The clearest signal, economists say, would be a steady rise in job losses and a surge in unemployment. Claudia Sahm, an economist and former Fed staff member, has noted that since World War II, an increase in the unemployment rate of a half-percentage point over several months has always resulted in a recession.
Many economists monitor the number of people who seek unemployment benefits each week, which indicates whether layoffs are worsening. Weekly applications for jobless aid have increased in recent months, but not by very much. Instead, employers have added a robust average of 370,000 jobs in the past three months.
ANY OTHER SIGNALS TO WATCH FOR?
Many economists monitor changes in the interest payments, or yields, on different bonds for a recession signal known as an “inverted yield curve.” This occurs when the yield on the 10-year Treasury falls below the yield on a short-term Treasury, such as the 3-month T-bill. That is unusual. Normally, longer-term bonds pay investors a richer yield in exchange for tying up their money for a longer period.

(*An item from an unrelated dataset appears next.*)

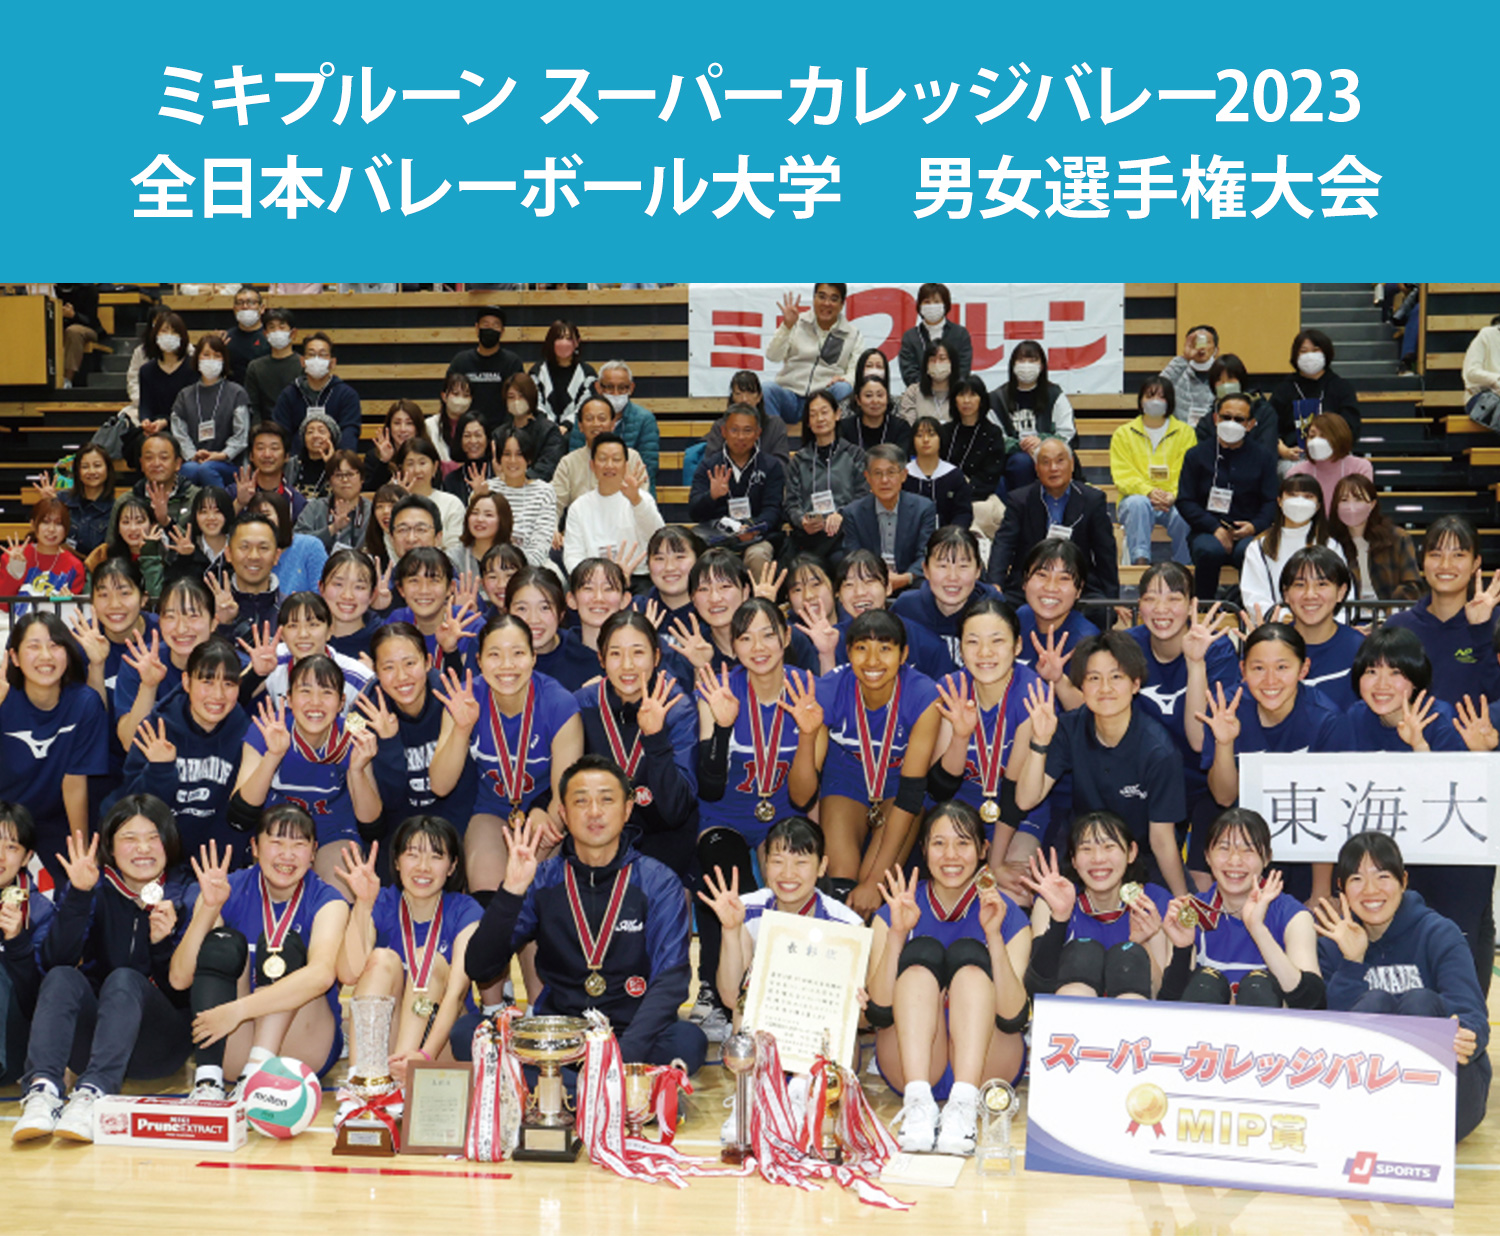 ミキプルーン スーパーカレッジバレー2021 全日本バレーボール大学　男女選手権大会

Inverted yield curves generally mean that investors foresee a recession that will compel the Fed to slash rates. Inverted curves often predate recessions. Still, it can take 18 to 24 months for a downturn to arrive after the yield curve inverts.

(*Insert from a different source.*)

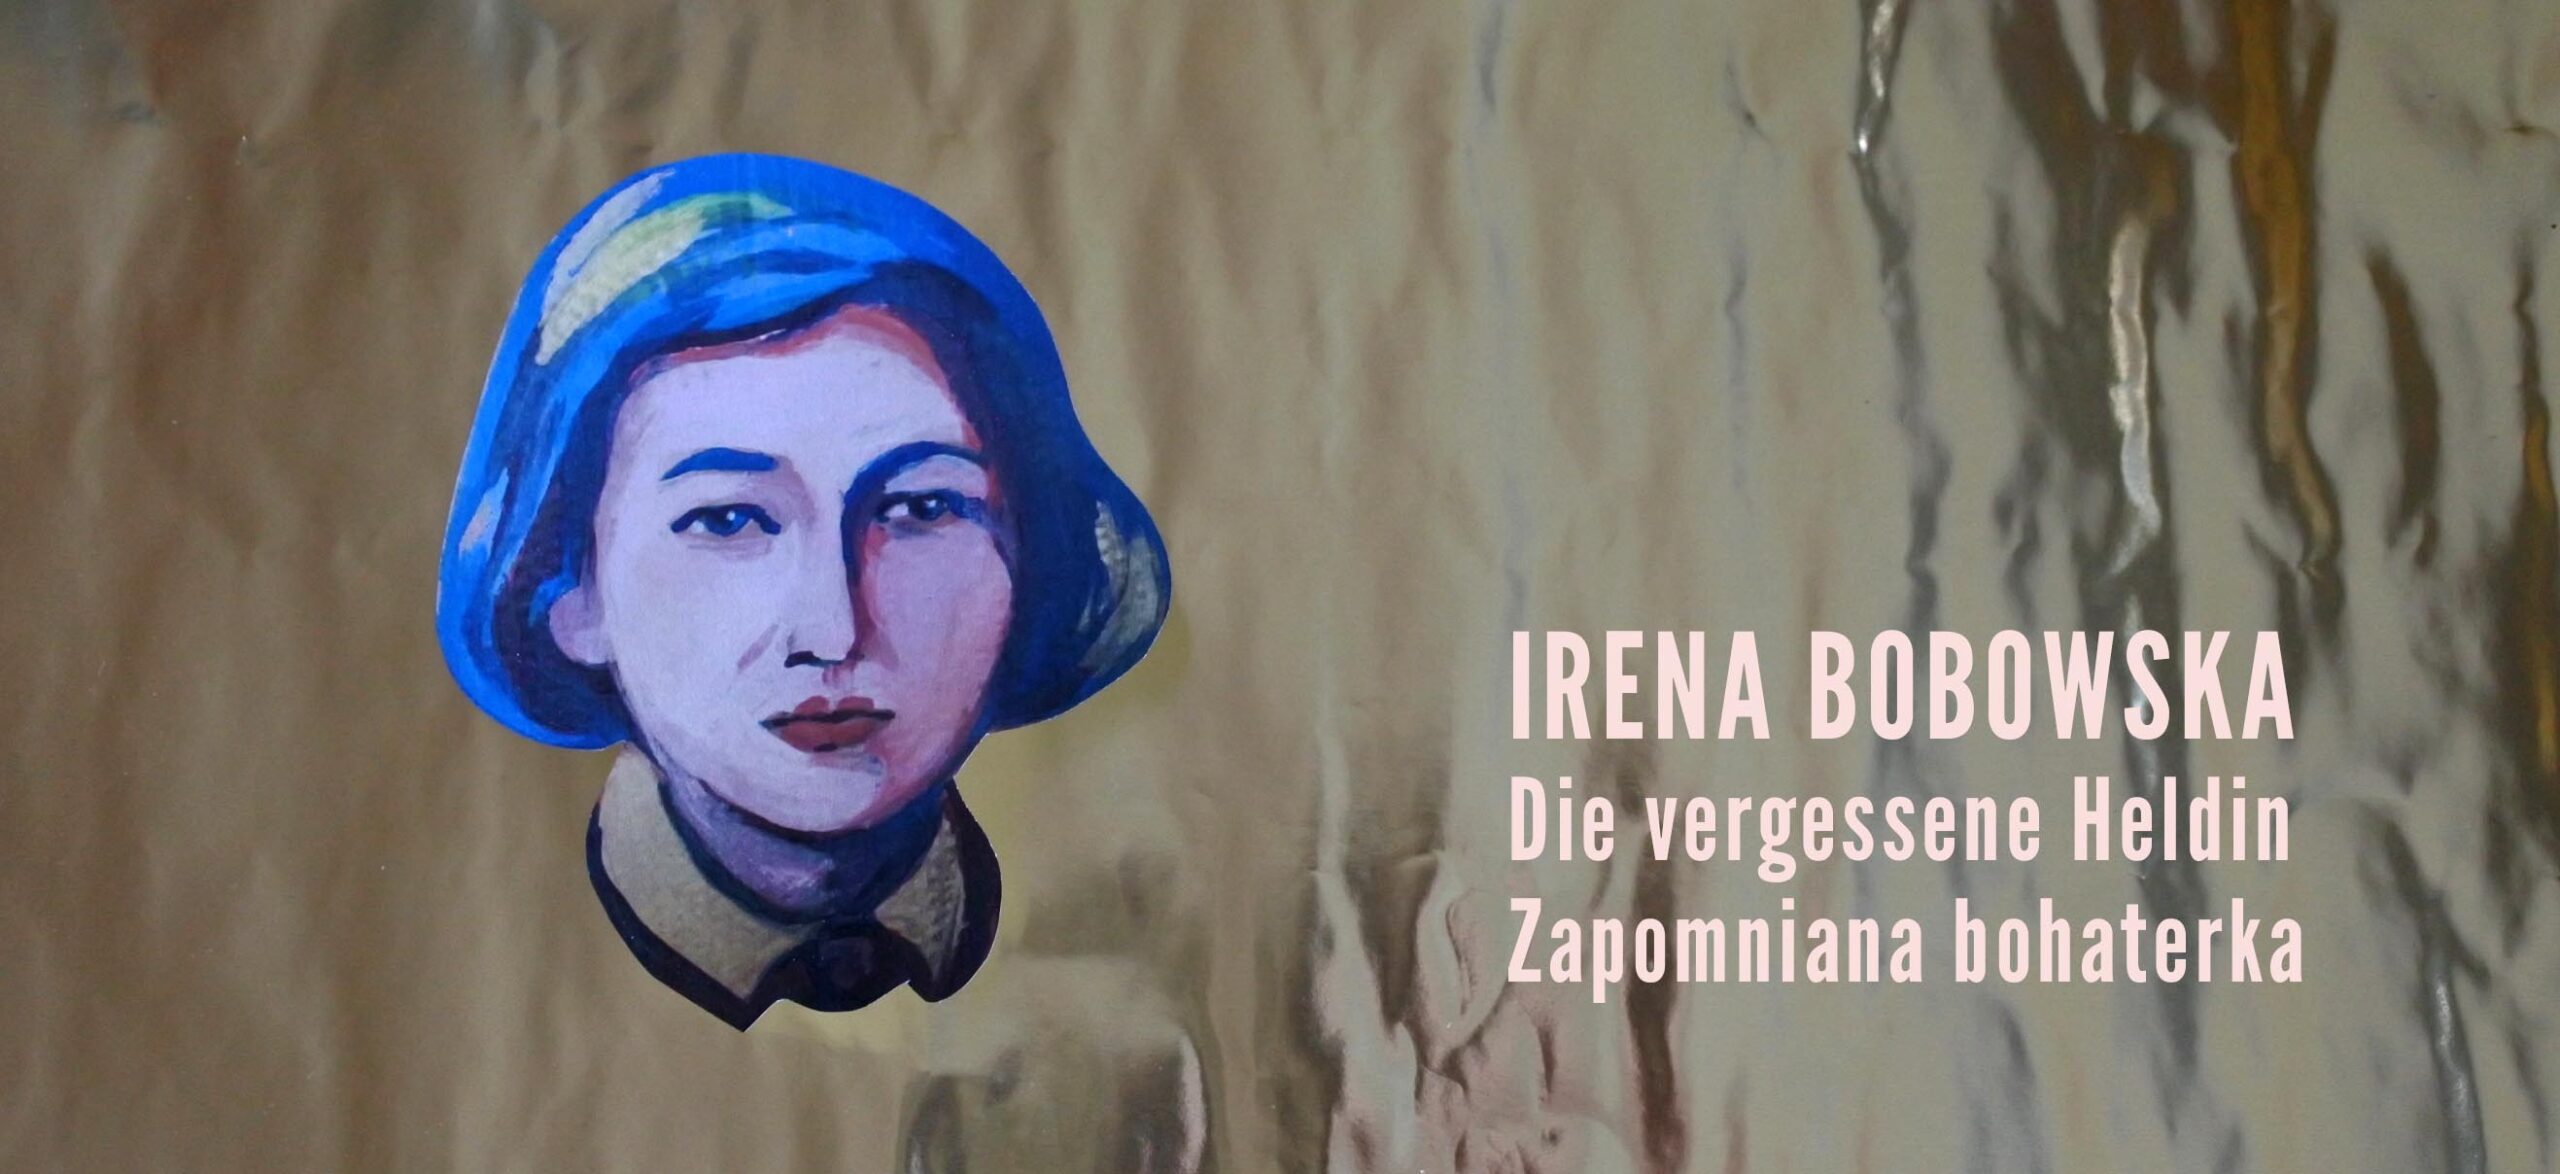 September 2022 | Projekt: Fehlende Hälfte der Geschichte. Irena Bobowska , die vergessene Heldin.

Ever since July, the yield on the two-year Treasury note has exceeded the 10-year yield, suggesting that markets expect a recession soon. And just this week, the three-month yield also temporarily rose above the 10-year, an inversion that has an even better track record at predicting recessions.
WHO DECIDES WHEN A RECESSION HAS STARTED?
Recessions are officially declared by the obscure-sounding National Bureau of Economic Research, a group of economists whose Business Cycle Dating Committee defines a recession as “a significant decline in economic activity that is spread across the economy and lasts more than a few months.”
The committee considers trends in hiring as a key measure in determining recessions. It also assesses many other data points, including gauges of income, employment, inflation-adjusted spending, retail sales and factory output. It puts heavy weight on jobs and a measure of inflation-adjusted income that excludes government support payments like Social Security.
Yet the NBER typically doesn’t declare a recession until well after one has begun, sometimes for up to a year.
DON’T A LOT OF PEOPLE THINK WE’RE ALREADY IN A RECESSION?
Yes, because many people now feel much more financially burdened. With wage gains trailing inflation for most people, higher prices have eroded Americans’ spending power.
And the Fed’s rate hikes have helped send the average 30-year fixed mortgage rate surging above 7% this week, the highest level in two decades. It has more than doubled from about 3% a year ago, thereby making homebuying increasingly unaffordable.
DOES HIGH INFLATION TYPICALLY LEAD TO A RECESSION?
Not always. Inflation reached 4.7% in 2006, at that point the highest in 15 years, without causing a downturn. (The 2008-2009 recession that followed was caused by the bursting of the housing bubble).
But when it gets as high as it has this year — it reached a 40-year peak of 9.1% in June — a downturn becomes increasingly likely.
That’s for two reasons: First, the Fed will inevitably sharply raise borrowing costs when inflation gets that high. Higher rates then drag down the economy as consumers are less able to afford homes, cars, and other major purchases.
High inflation also distorts the economy on its own. Consumer spending, adjusted for inflation, weakens. And businesses grow uncertain about the future economic outlook. Many of them pull back on their expansion plans and stop hiring, which can lead to higher unemployment as some people choose to leave jobs and aren’t replaced.